Note that your my_function above is Box-free.

OK, this is a little different than my understanding reading the more technical descriptions of how to solve the problem in other threads - which involved changes in the language to signal type-stability. So it sounds like this is an issue that will become more and more rare over the next year? It is mostly about filling in compiler optimization cases?

For many types of users, I agree in principle - and the last thing I want to do is tell people to worry about performance prematurely. The issue with Julia is that most students have no prior on how fast the code should really be (and not even a prior on orders of magnitudes) and @code_warntype is far too complicated to teach most users to interpret. I can’t really read it myself except in toy examples.

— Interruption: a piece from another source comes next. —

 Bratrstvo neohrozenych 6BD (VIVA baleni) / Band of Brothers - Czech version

This I disagree with from a practical standpoint for many users. Most users coming from matlab scripting are never going to profile, will be perplexed that @code_warntype is necessary or how they could possibly read its output, and will have a hard enough time learning how to use @btime properly. They will copy simple programming patterns you give them and accept the performance that those patterns have with little tweaking. If we can avoid teaching them patterns that make inferrence difficult for a given version of Julia, then it makes it more likely they will be happy with the performance they get. Besides the “shoot in the foot” issues like using globals or structures with abstract container types, I want them to know that for the best performance they should use pacakges written by people who know about that stuff.

But if the advice is that “closures and comprehensions performance is not systematically bad, and the cases where it has issues are sufficiently rare that you don’t need to avoid any particular programming patterns using them” then that may be good.

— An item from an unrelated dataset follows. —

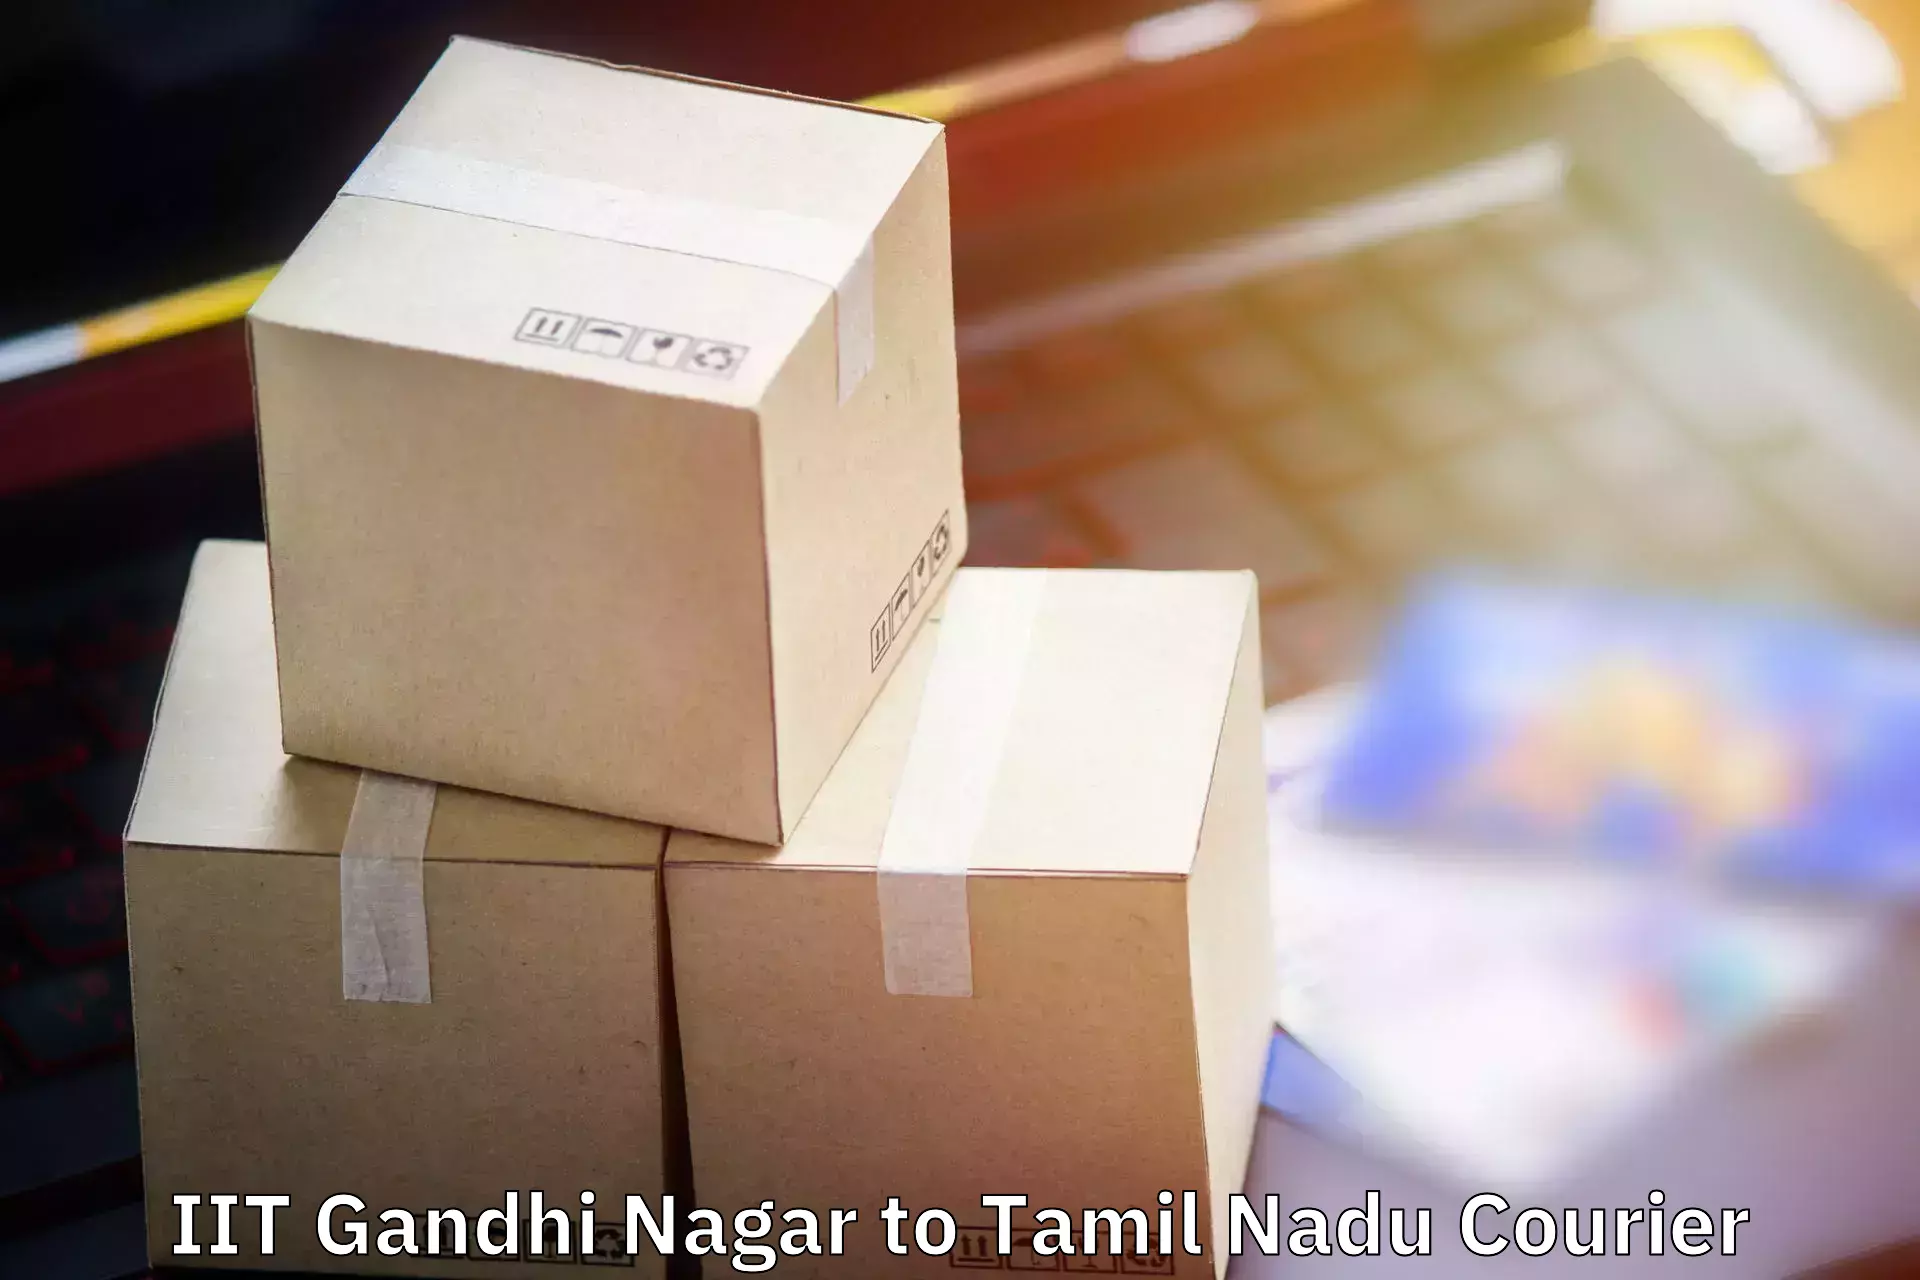 Electronic items luggage shipping in IIT Gandhi Nagar to Maharajapuram

Great to hear. I think that is a good test for the sort of closure code that users might have.

The core devs have always said that this was an optimization problem and that it will get fixed in time. The only caveat is that the time will not be immediately because it’s a non-trivial optimization to implement. It has already gotten better and will continue to do so. It was other people who proposed changing the language to try to limit the problem—in a way that didn’t, as it turned out in that thread, actually solve the performance issue in a satisfactory manner.

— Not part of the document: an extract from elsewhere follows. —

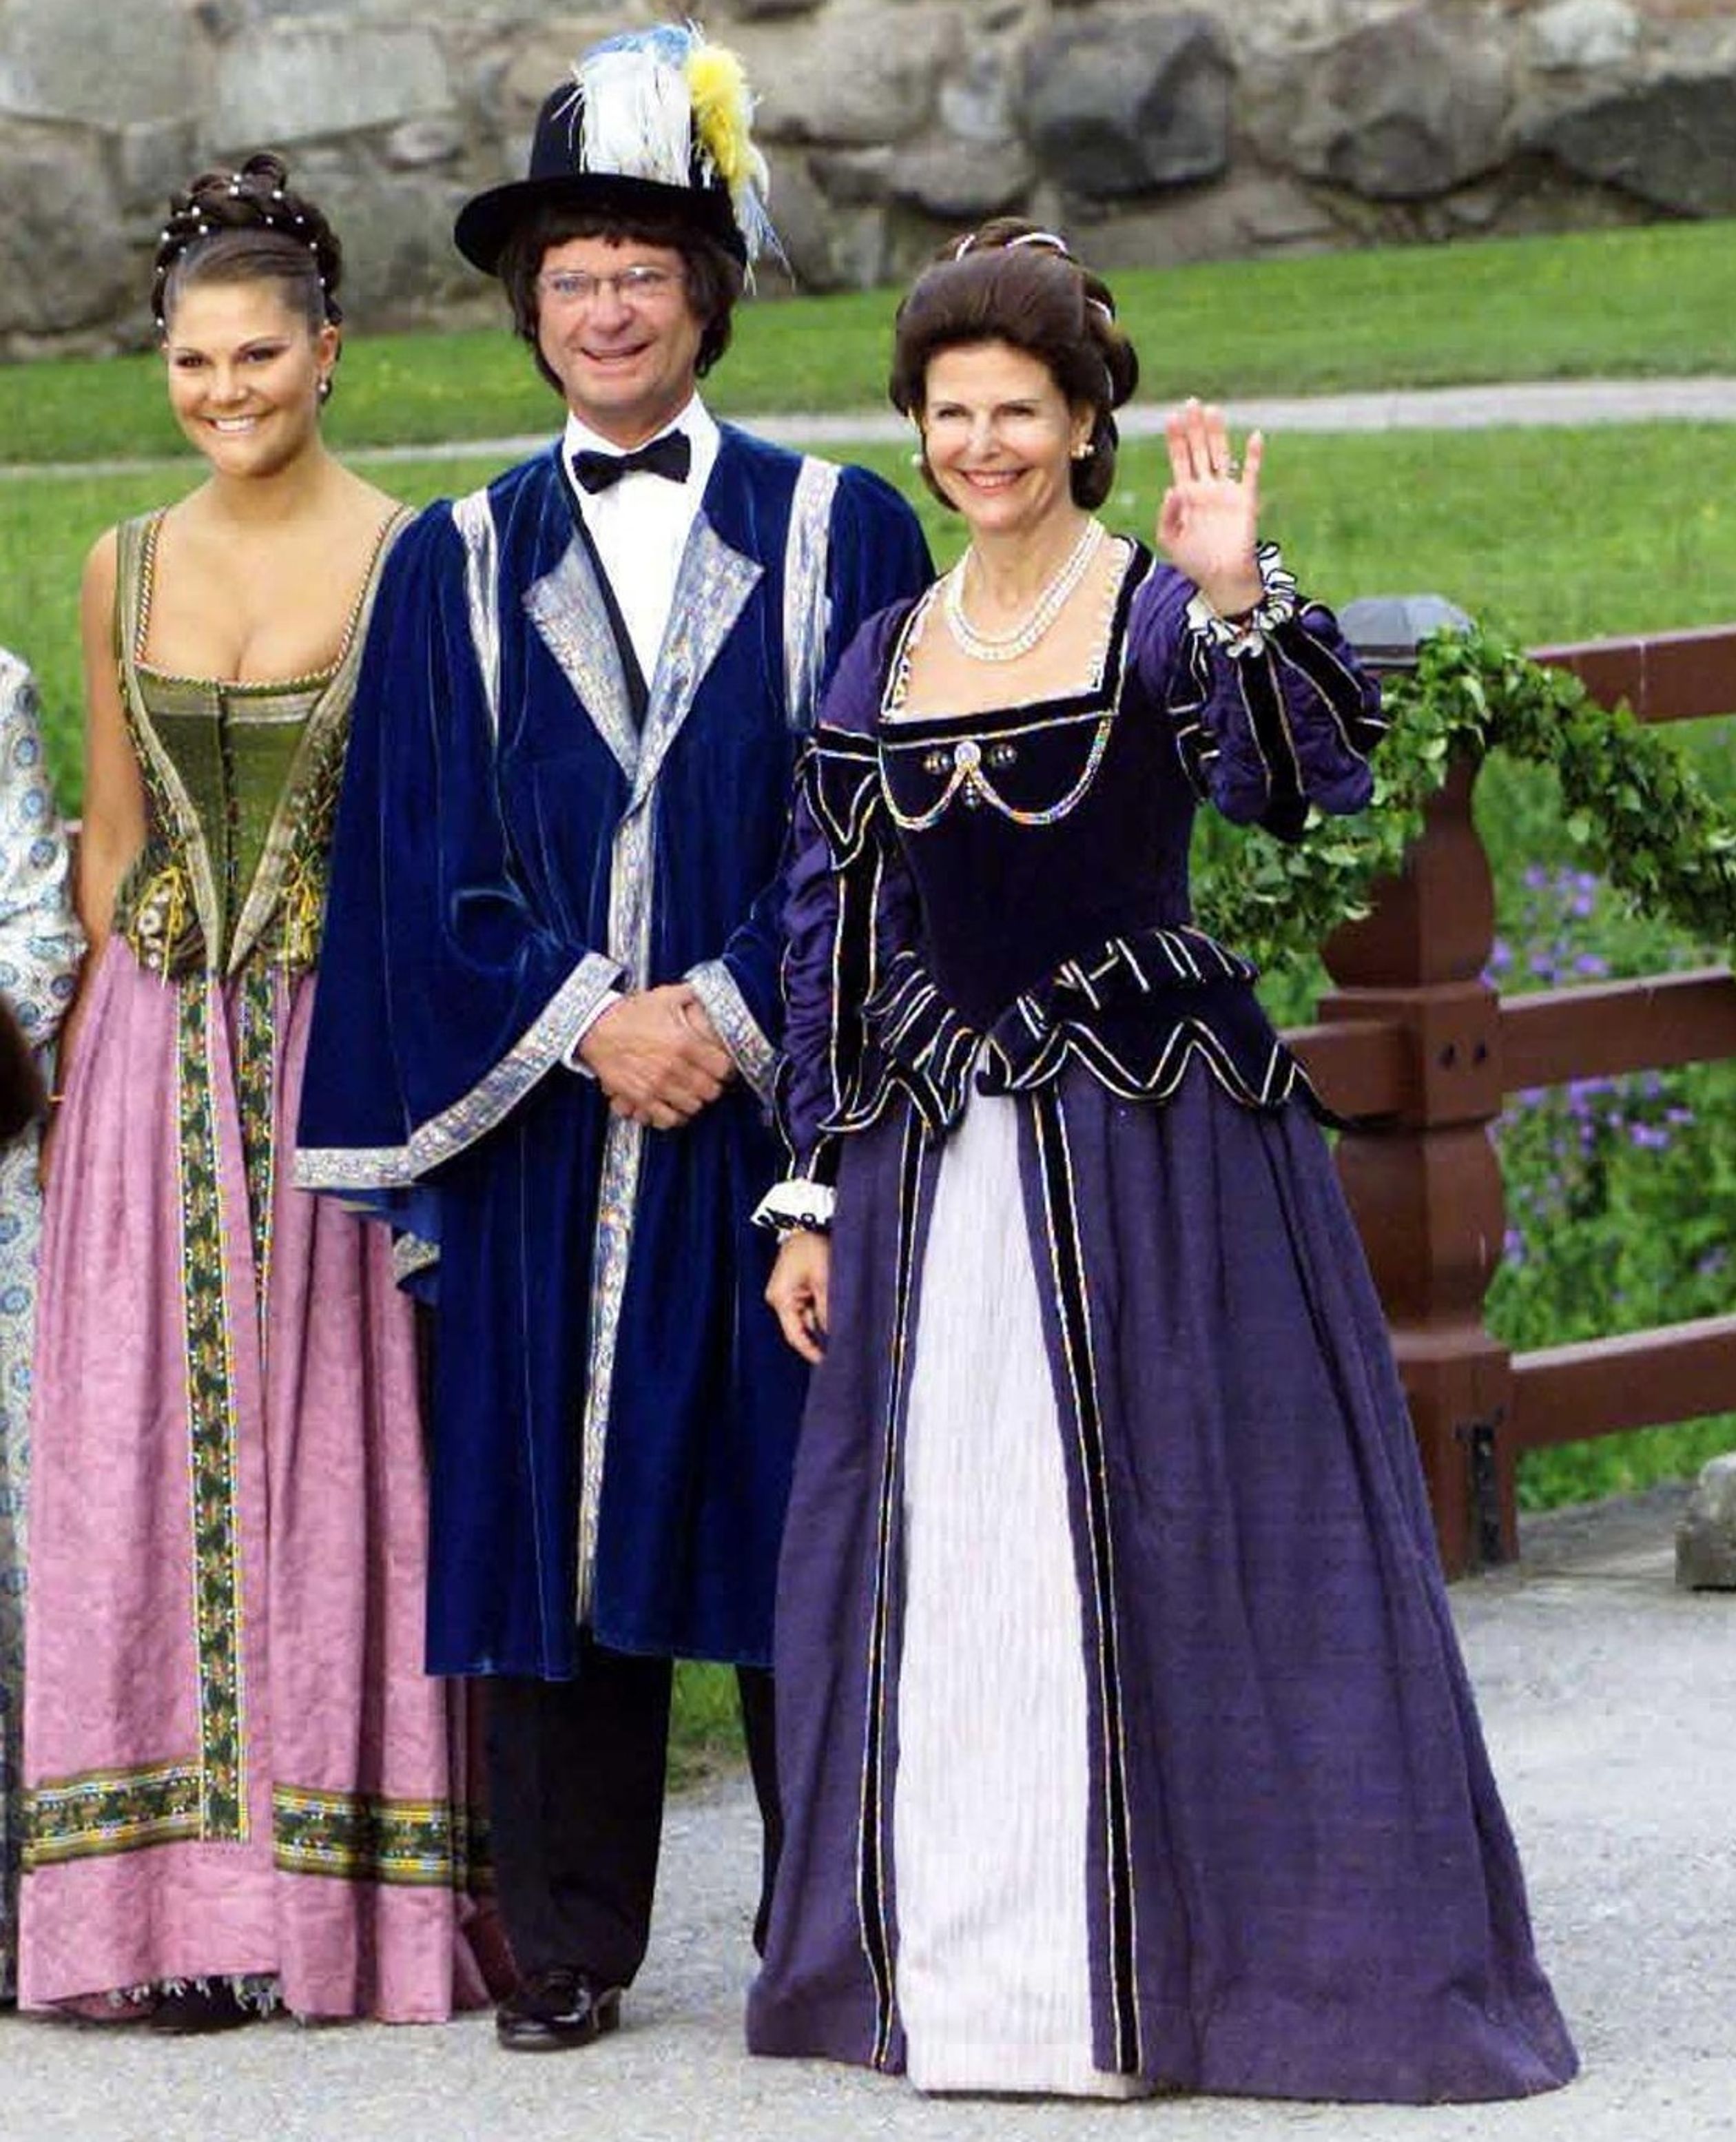 Samen met manlief en oudste dochter kroonprinses Victoria in historische kostuums. Een feestje met

If they are at that level, then they likely have bigger performance issues to care about. The algorithm matters more than these details.

Yes, that’s the advice. In fact, I would say that this bug shows up sufficiently rare enough that most people don’t even need to know about it existence. The only way I know how to easily trigger it is by using multithreading with eachindex over non-Array AbstractArray types…

Perhaps part of this is stemming from your advice to blindly copy global-scope code into function bodies. Yes, that is how you’ll get the best repeated performance, and avoiding global scope is often very good advice — especially when optimizing. If, however, you’re only doing it once and there aren’t any loops, then I’d guess it’ll be a wash or not worth the extra effort. It may even be a little slower. For example, my_function takes 10 seconds to define and run the first time, whereas just doing it at global scope is 12 seconds. Subsequent runs are 5ms for the function and 50ms in global scope. Working at the global scope is totally fine for things like my_function where you’re just calling out to other functions like plotting and such.

The best advice you can give is to compose functions into orthogonal and independent pieces that don’t rely upon global state. That has the side-effect of simplifying the function bodies, making boxes for any closures even less likely.